Письмо XXIV
17 апреля 1915
Дабы никто не подумал, будто я, радея о братстве, сознательно, либо
неумышленно стараюсь не судить слишком строго своих собственных соратников,
своих братьев за совершаемые ими несправедливые поступки, в этом письме я хочу
поговорить о справедливости.
Будучи в свое время тем, кого называют судьей, и участвуя в судебных
процессах, я смог приобрести некоторые практические навыки установления
равновесия между снисходительностью и суровостью. Справедливость — это тот бог,
которого я всегда ставил высоко в своем личном пантеоне, и потому, вынося
приговор, я никогда не позволял себе из-за слабости своей или чувствительности
попирать правоту добродетели и потворствовать неправоте злодейства.
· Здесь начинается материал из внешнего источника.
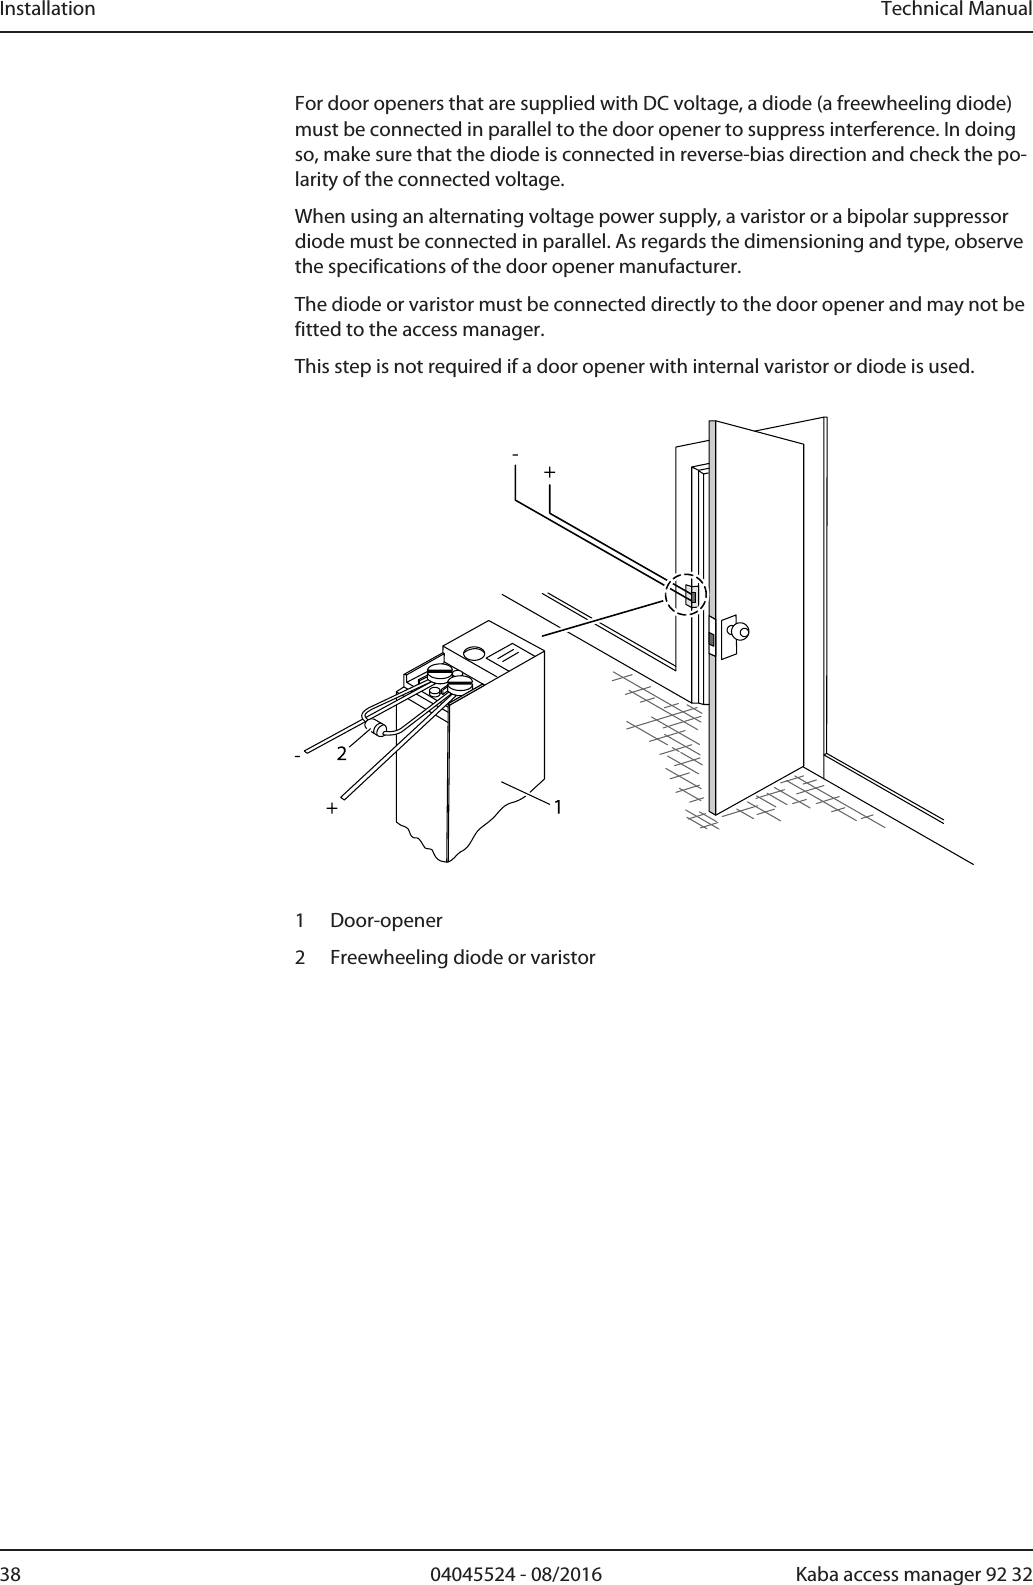 Installation Technical Manual38 04045524 - 08/2016 Kaba access manager 92 32For door openers that are supplied with DC voltage, a diode (a freewheeling diode)must be connected in parallel to the door opener to suppress interference. In doingso, make sure that the diode is connected in reverse-bias direction and check the po-larity of the connected voltage.When using an alternating voltage power supply, a varistor or a bipolar suppressordiode must be connected in parallel. As regards the dimensioning and type, observethe specifications of the door opener manufacturer.The diode or varistor must be connected directly to the door opener and may not befitted to the access manager.This step is not required if a door opener with internal varistor or diode is used.1 Door-opener2 Freewheeling diode or varistor
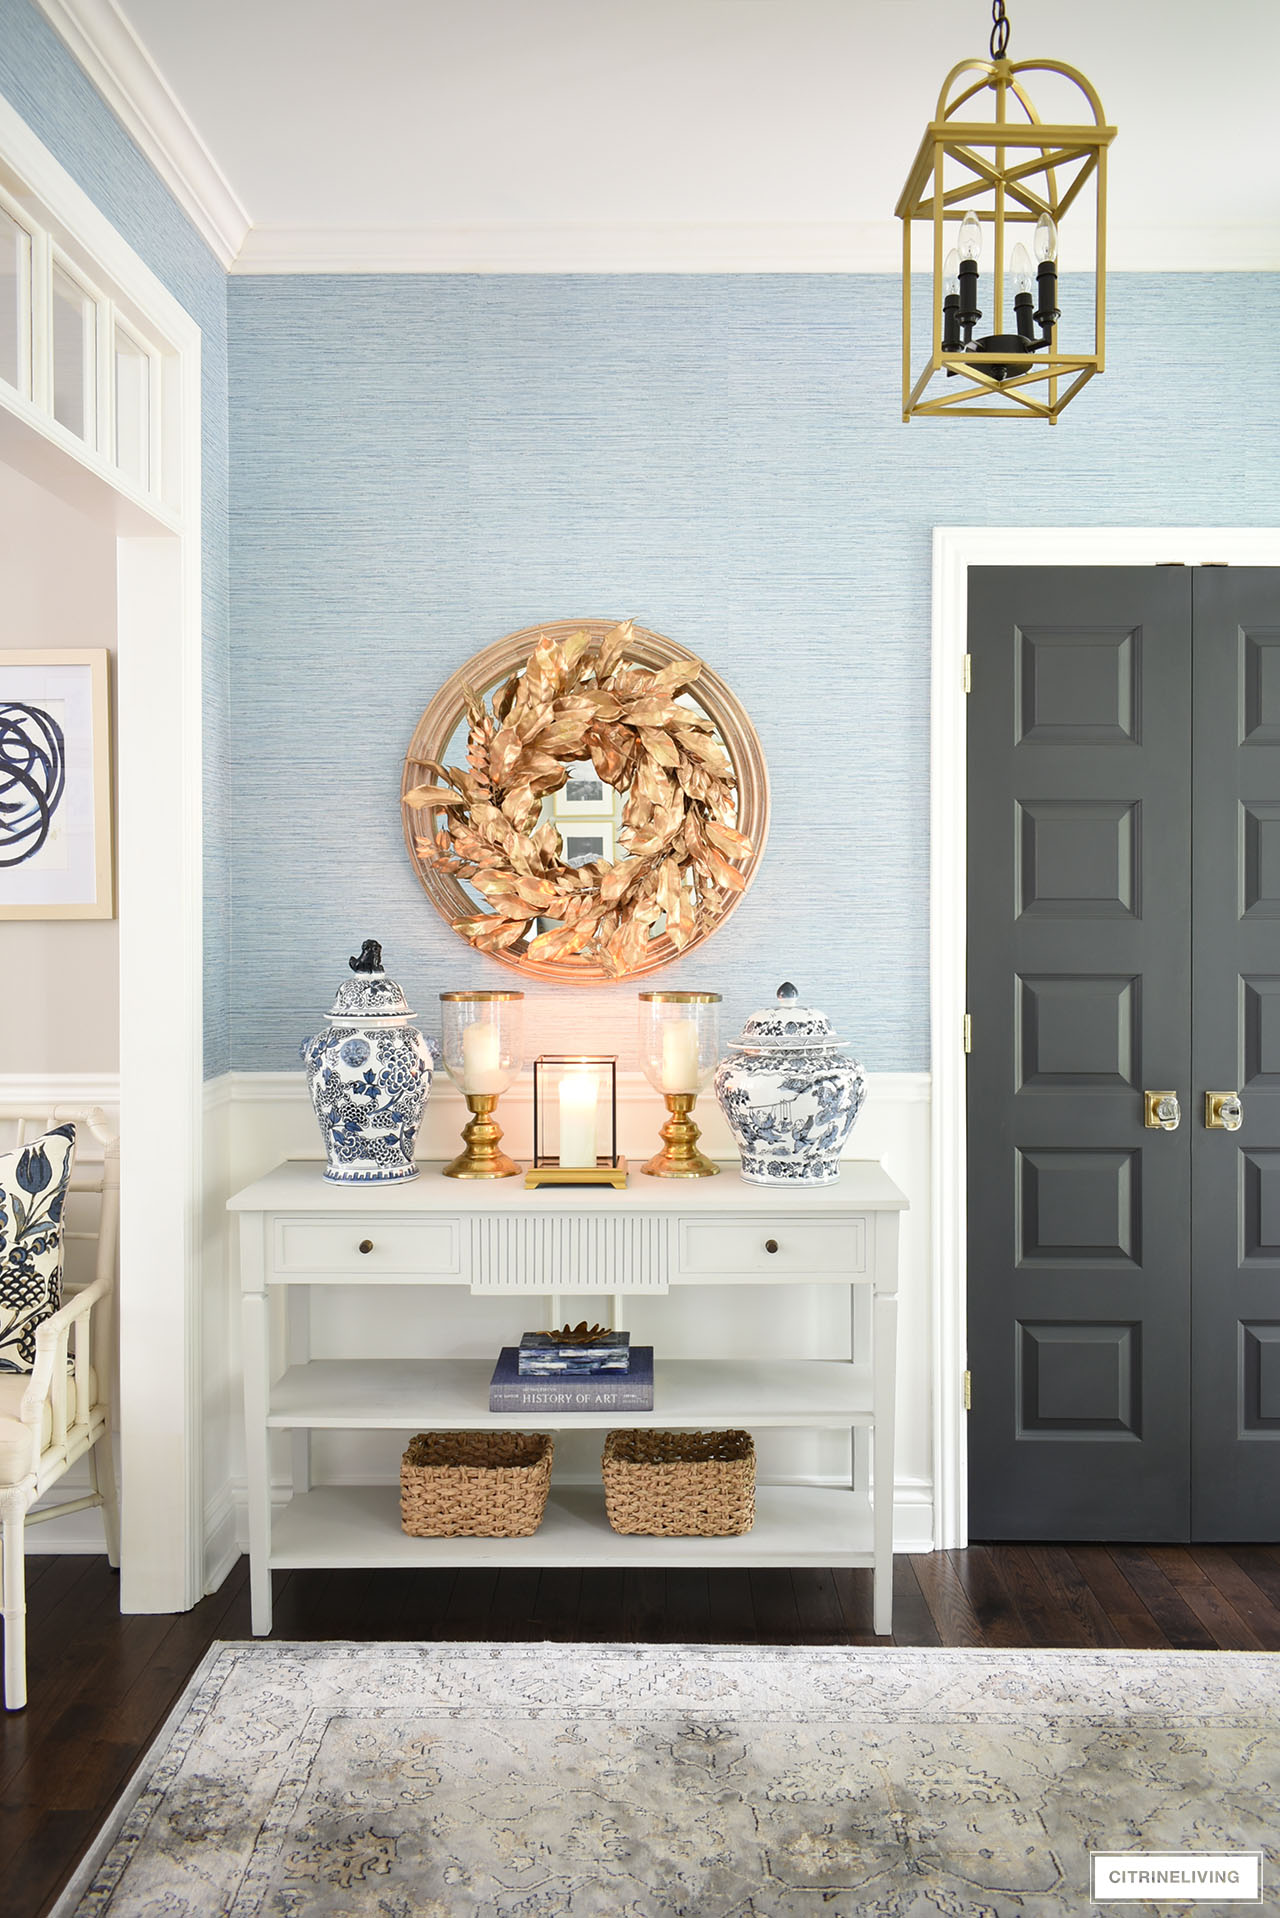 A gorgeous gold wreath, blue and white ginger jars, gold candleholders, baskets and a simple vignette with a large book, decorative box and a small gold leaf, dresses up a simple and elegant entryway table for fall.

Я выносил
мягкие приговоры, когда чувствовал, что из этого можно извлечь максимум добра; я
выносил суровые приговоры, когда полагал, что это позволит самым надежным
образом обуздать зло.
О Вселенском Братстве, как и большинстве других идеалов человечества, было
рассказано и написано много всякой ерунды. Но Вселенское Братство — это не
всеобщее потворство злу; это — всеобщее признание идеала добра. И вам никогда не
создать братства, действительно достойного этого высокого имени, если вы будете
не поднимать, а напротив — опускать планку справедливости.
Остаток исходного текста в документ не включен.